Given records:

____________________

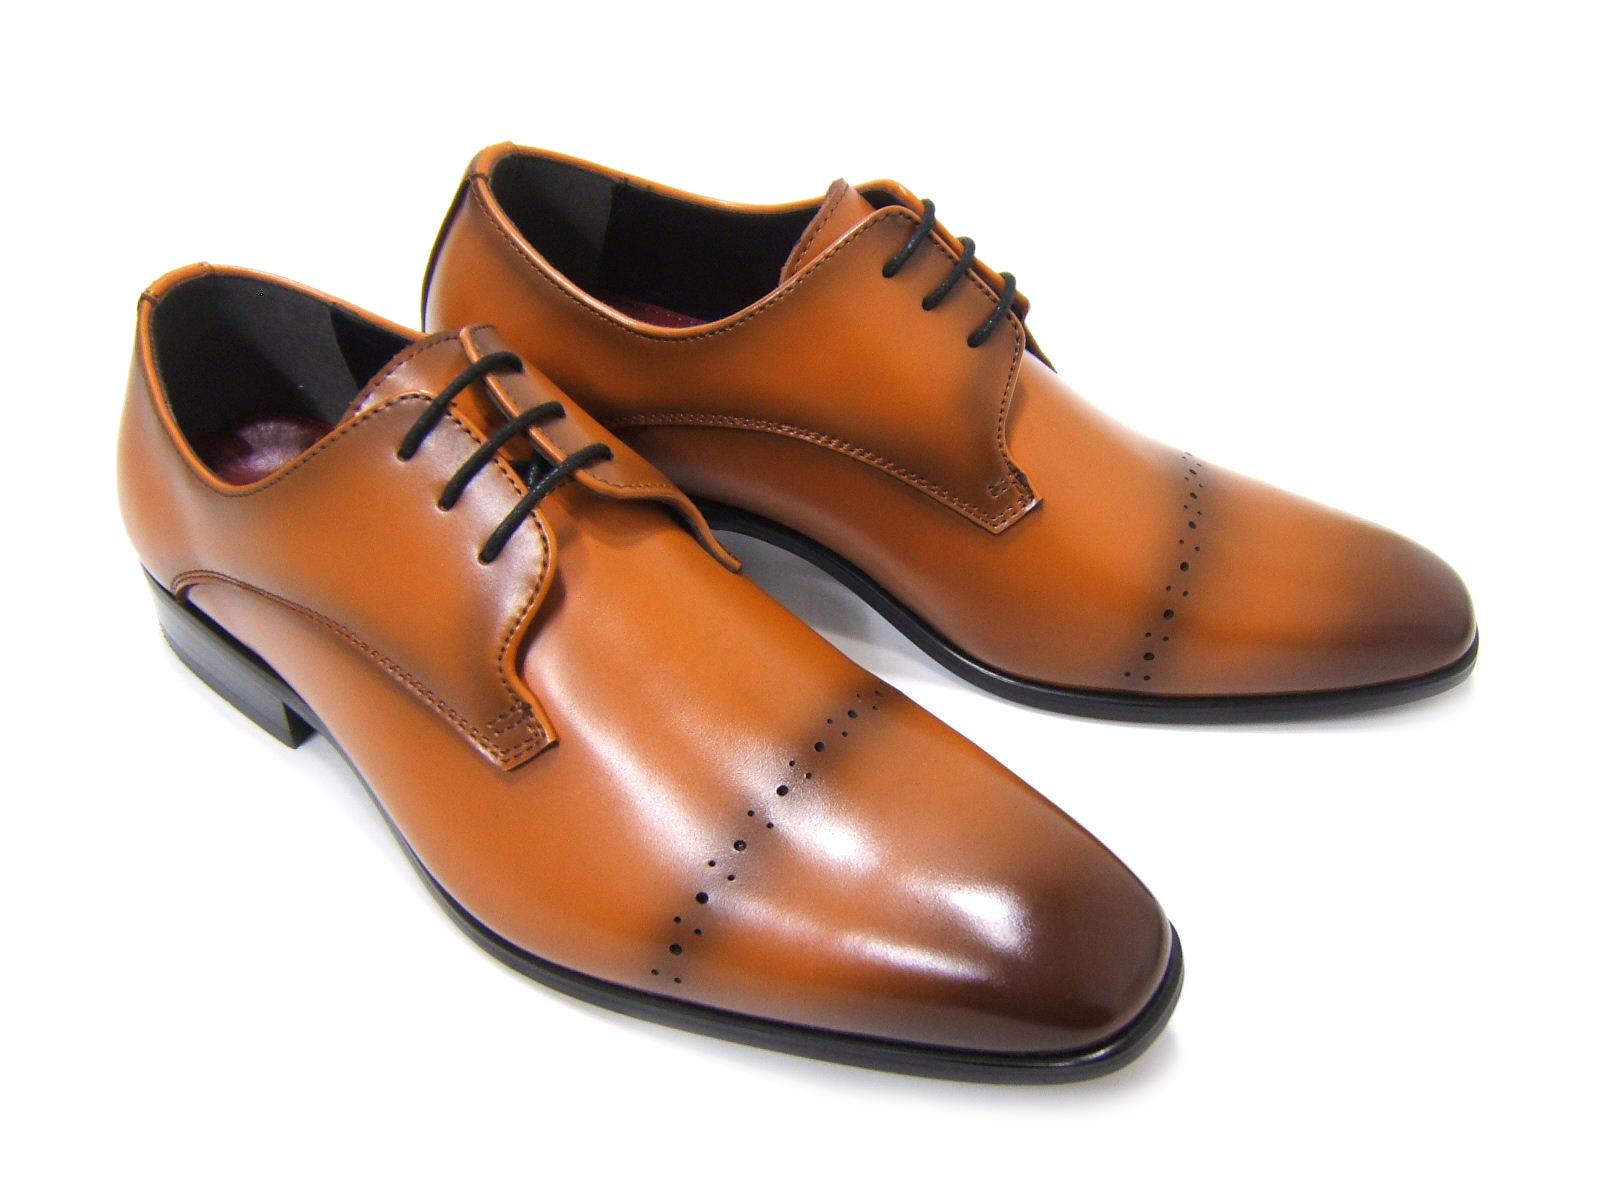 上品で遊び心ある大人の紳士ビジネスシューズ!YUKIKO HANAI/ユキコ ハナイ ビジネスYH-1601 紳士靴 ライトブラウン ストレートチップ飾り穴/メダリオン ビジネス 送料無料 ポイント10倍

____________________

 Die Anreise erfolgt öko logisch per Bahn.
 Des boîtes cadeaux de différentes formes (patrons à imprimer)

____________________

What you are asked to do:
Only the lines above from the one with "Die Anreise erfolgt öko logisch per Bahn." up to and including the one with "Des boîtes cadeaux" should be repeated, exactly as written.

Response:
 Die Anreise erfolgt öko logisch per Bahn.
 Des boîtes cadeaux de différentes formes (patrons à imprimer)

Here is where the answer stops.